His apparent nonchalance seemed to wrong-foot the men. There was a moment of hesitation. Avers thanked God that while he might be seriously shaken, he had an uncanny ability to present a calm front.

“You will do as we say,” repeated the man who had spoken before, this time in English. His accent was rough and common.

“What are you about—manhandling me in such a way? It’s not the done thing, not at all.” Avers was trying to make out their features, but the one who held the lamp must have seen him squinting for he raised it higher, dazzling him.

“You will tell us what you know about the Comte de Vergelles and his dealings.”

“The Comte de what?” Avers now sat cross-legged like a naughty schoolboy looking up at them.

“Don’t play games.” The third man came forward and levelled a pistol at Avers’ forehead. “Tell us what you know.”

For a moment, Avers’ words failed him. His breath came quick and shallow. The barrel of the gun looked as dark and ominous as the passageway of the stable had done.

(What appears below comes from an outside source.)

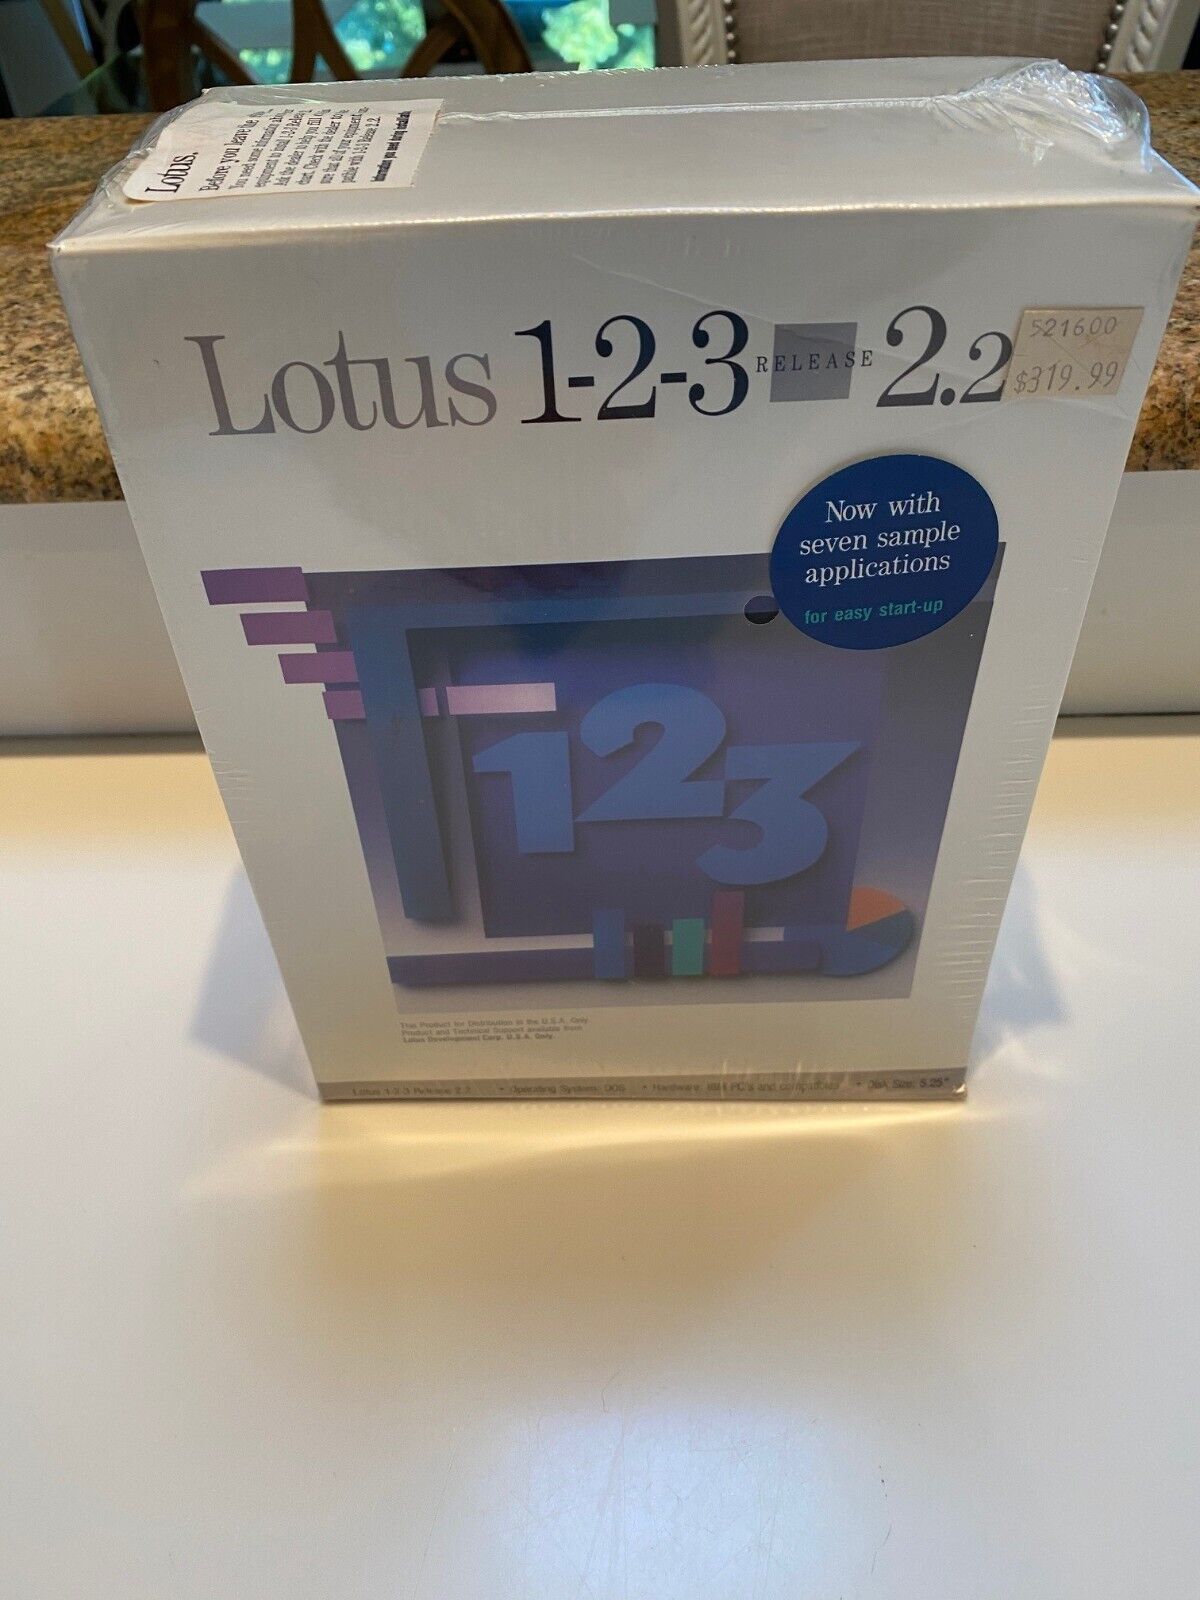 LOTUS 1-2-3 Release 2.2 Brand New Sealed Spreadsheet Software Vintage Rare 5.25

“About this Comte fellow?”

Who were these men? And how on earth was Avers going to get out of this mess? Whatever the Comte was involved in was not over as Wakeford’s superiors might hope. It was very much still happening and very much still dangerous.

“You’re trying my patience,” said the man with the gun, his accent definitely provincial. “I suggest you stop doing that. We know you have dealings with the Comte. You will answer our questions in the name of the King.”

That brought Avers up short. The King?

“You’re working for Louis?”

“Oui—we work for His Majesty against all enemies, including those from within. Tell us what you know.”

What on earth? Avers’ mind sped back and forth over the last few weeks trying to work out how the French government might be involved in the Comte’s spy ring. More importantly, why had they targeted the faux Duke of Tremaine? And how had they known he’d be here?

“A dead English Duke means nothing to us,” hissed the man with the gun, pressing its cold barrel against Avers’ forehead.

“Are you sure? I imagine it’d be the devil of a thing to explain away if my body should show up in a backwards inn at Buc.”

“Perhaps the silly English lord stopped at the inn and got set upon by ruffians.”

The coldness of that barrel against his head brought a great deal of perspective. Suddenly the melancholy he’d felt since Miss Curshaw had thrown him over seemed like a colossal waste of time. Not only that, but what of those he’d leave behind—his dear Cousin Sophy and Aunt Goring? What about Wakeford and his papers? What about… Mademoiselle Cadeaux?

Mademoiselle Cadeaux… It had only been her, the Comte’s circle and Wakeford who knew of his departure from Paris. And would French agents really be willing to kill an English Duke?

Avers had an idea. A wild one. What if this wasn’t the French government at all, but rather the Comte’s men? No. Surely not. And yet…

What had Avers got to lose by testing his theory? He already had a gun to his head.

“I’m afraid you’ll have to do your worst—for I have no idea what it is you think I should know—but I do know that I don’t know it.”